2. Description of Related Art
Along with developments in the third-generation (3G) cellular and wireless network industries, mobile web surfing has increased. WiMax is a rising wireless high-speed Internet access communication technology that provides an effective approach to broadband wireless service with respect to transmission distance, data transmission speed, and network setup costs. However, creating a reliable, win-win commercial model for both product providers and business owners has become an urgent issue to both members of the WiMax Forum and the telecommunications industry at large. In addition, with more and more private users using WiMax services, finding a way to provide a wider service scope to the public and fulfilling the demands of each customer group are both important issues worthy of attention.
There are two major prior techniques for establishing a wireless mesh network: one technique deals with path selection and channel allocation separately, wherein selection of less-utilized channels at each mesh network nodes is first performed, followed by securing transmission quality by considering bandwidth; and the other technique deals with both path selection and channel allocation concurrently.
With respect to the technique of dealing with path selection and channel allocation separately, two main methods exist: one method is characterized by selecting the less-utilized channel at each mobile node, and then adopting router considering bandwidth to secure transmission quality (see “Interference-Aware Topology Control and QoS Routing in Multi-Channel Wireless Mesh Networks” by J. Tang, G. Xue, and W. Zhang in MobiHoc '05, 2005); and the other method is characterized by adopting a strategy similar to dynamic source routing (DSR) that considers the factors of routing path length and channel multiplicity (see “Routing in Multi-radio, Multi-hop Wireless Mesh Networks” by R. Draves, J. Padhye, and B. Zill, in MobiCom '04, 2004). However, an interdependent relation exists between channel utilization and routing that has interferential influence on system performance. Therefore, these two factors must be considered concurrently.
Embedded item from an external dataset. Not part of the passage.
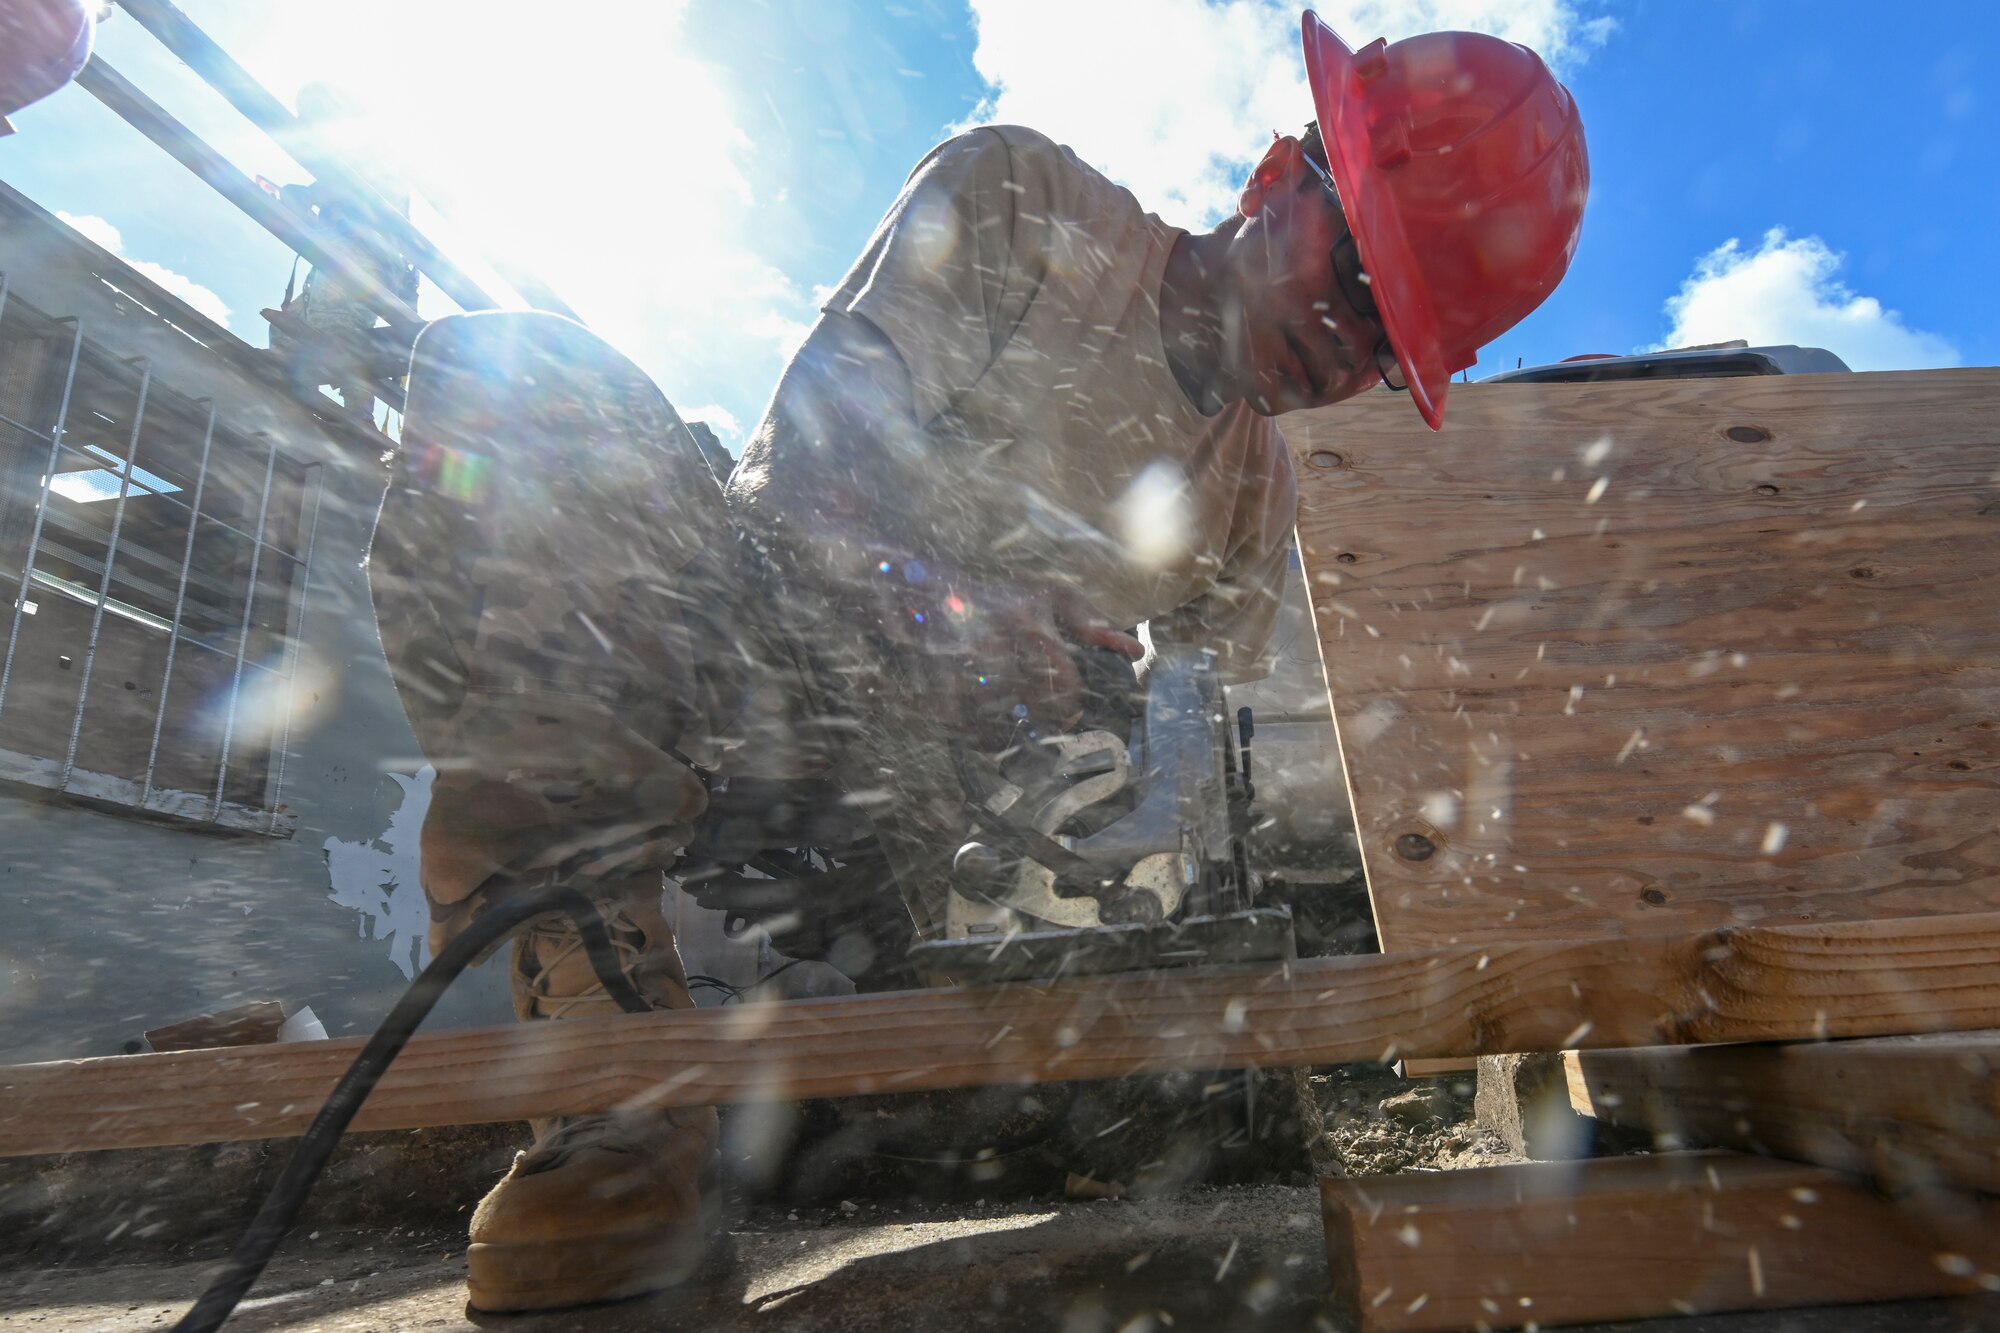 Staff Sgt. Pete Taijeron, 254th Rapid Engineer Deployable Heavy Operational Repair Squadron Engineers, uses a circular saw to cut a piece of 2x4 that will be used to help build a roof for a home in the village of Koblerville, Saipan, Commonwealth of the Northern Mariana Islands, Nov. 20, 2018, as part of the roof building in support of the Super Typhoon Yutu relief efforts.

With respect to the technique of dealing with both path selection and channel allocation concurrently, two main methods exist. One method suggests building up a tree-like architecture, and then adopting a non-stop circuit approach for reallocating channels and selecting routes, thus achieving the objective of higher network transmission efficiency (see “Architecture and Algorithms for an IEEE 802.11-based Multi-Channel Wireless Mesh Network” by A. Raniwala and T. Chiueh, in Proc. of IEEE Infocom, 2005). However, the tree-like architecture gives up a particular advantage of mesh networks which is that an interface is capable of receiving multiple wireless connections for increasing the network utilization rate. The other method deals with channel allocation and routing by means of linear programming (see “Joint Channel Assignment and Routing for Throughout Optimization in Multi-radio Wireless Mesh Networks” by M. Alicherry, R. Bhatia, and L. Li, in MobiCom '05 2005). However, although applying a linear programming technique improves system performance, it is incapable of quickly changing transmission modes in correspondence to variables such as routing errors, surrounding variations, and so on.
Hence, it is a highly urgent issue in the industry to provide a technique that is capable of improving wireless local area network quality and interferential influence, and further enhancing overall system performance and network transmission efficiency.